The test team tests to completion, and the repository is cleared for production.

Phase I Migrate to Production

After the repository has passed the testing phase, you must update the repository’s database connection parameters before uploading the repository to production.

You must also migrate and provision the application roles.

Based on the plan provided by the governance team, the production operations team knows the new application roles needed. They create them as Adam did for the test environment. They also provision users or groups to those application roles, based on the security specification from the governance team.

Before migrating to production, Adam has to change the connection pool parameters to the values needed for the production database. In Eden Corporation, Adam has the privilege to see the production connection pools, but the repository developers don't. Therefore, Adam can't change from the test to production connection pools and leave the repository in the master directory, because the developers have Windows permissions to read and write to it. Instead, he creates an XML patch of the connection pools needed for Production. Then, he copies sales.rpd to a secure directory and applies the patch, and then tests to be sure it really does connect to the production data sources. He then uploads the repository to the production system, and starts the production cluster of servers.

Adam can use the Oracle BI Server XML API to automate connection pool changes required during migrations to production and other environments. See Moving from Test to Production Environment in XML Schema Reference for Oracle Business Intelligence Enterprise Edition.

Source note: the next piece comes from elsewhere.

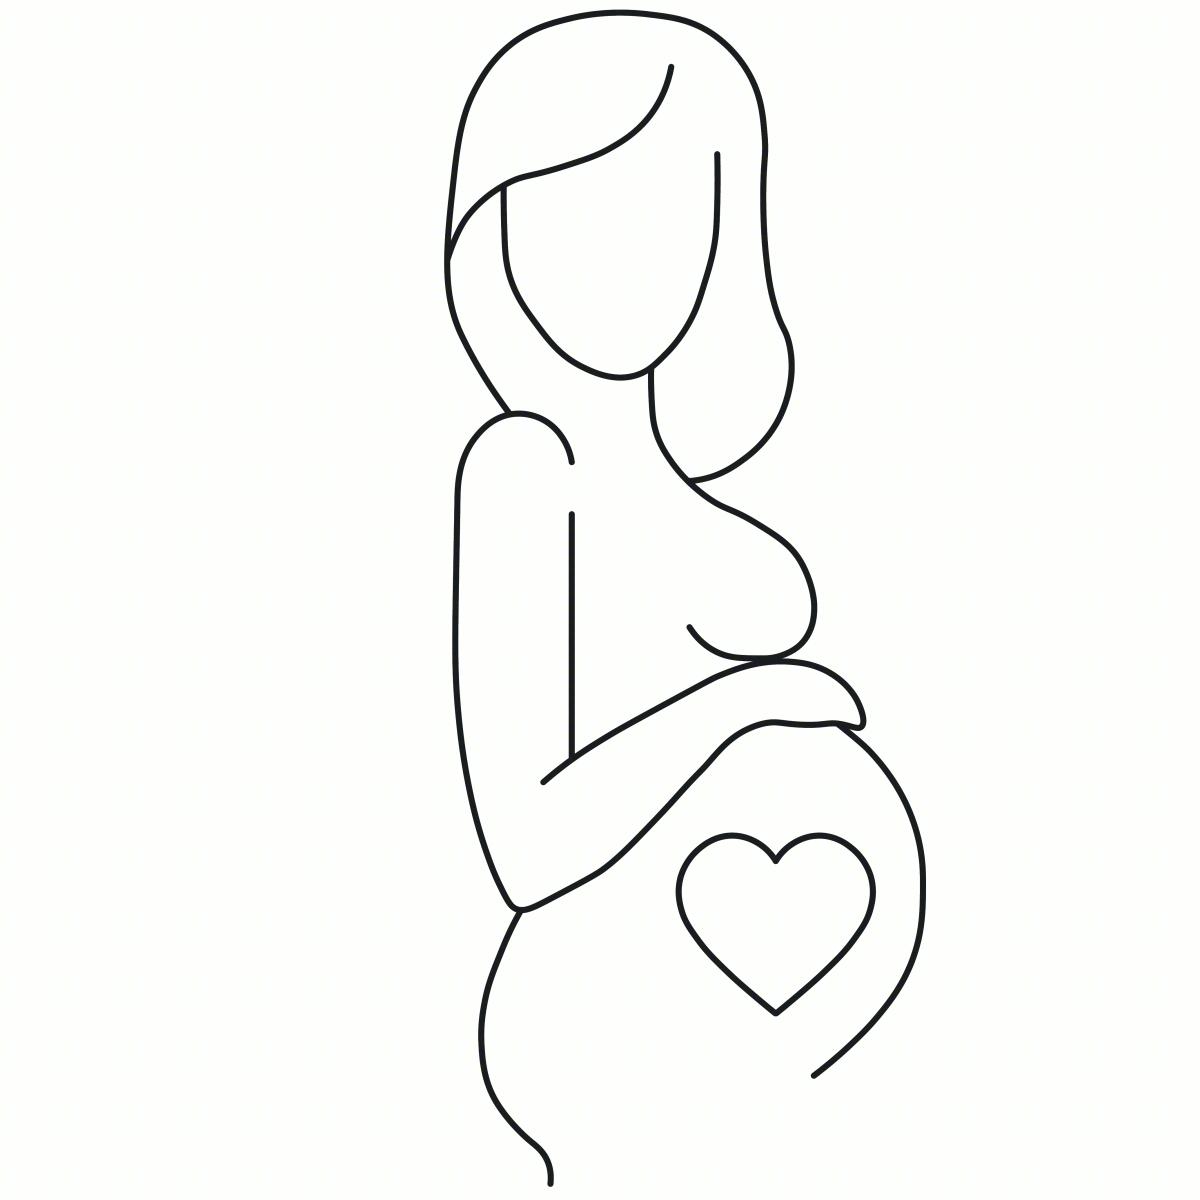 怀孕的女人 怀孕 - Pixabay上的免费照片 - Pixabay

Because the master repository still points to the test databases, the Model Administration Tool users can still be allowed to see it. Meanwhile, new versions of the production repository can be built at any time by applying the connection pool changes in the XML patch file.

Production validations are now performed. Similar to the migration to the test system, an important validation is to run the consistency checker in online mode to ensure that the application roles are all correct. When this validation is complete, Phase I is in production.

Phase I Summary

The image shows the parallel activities for Phase I for the fictional company example.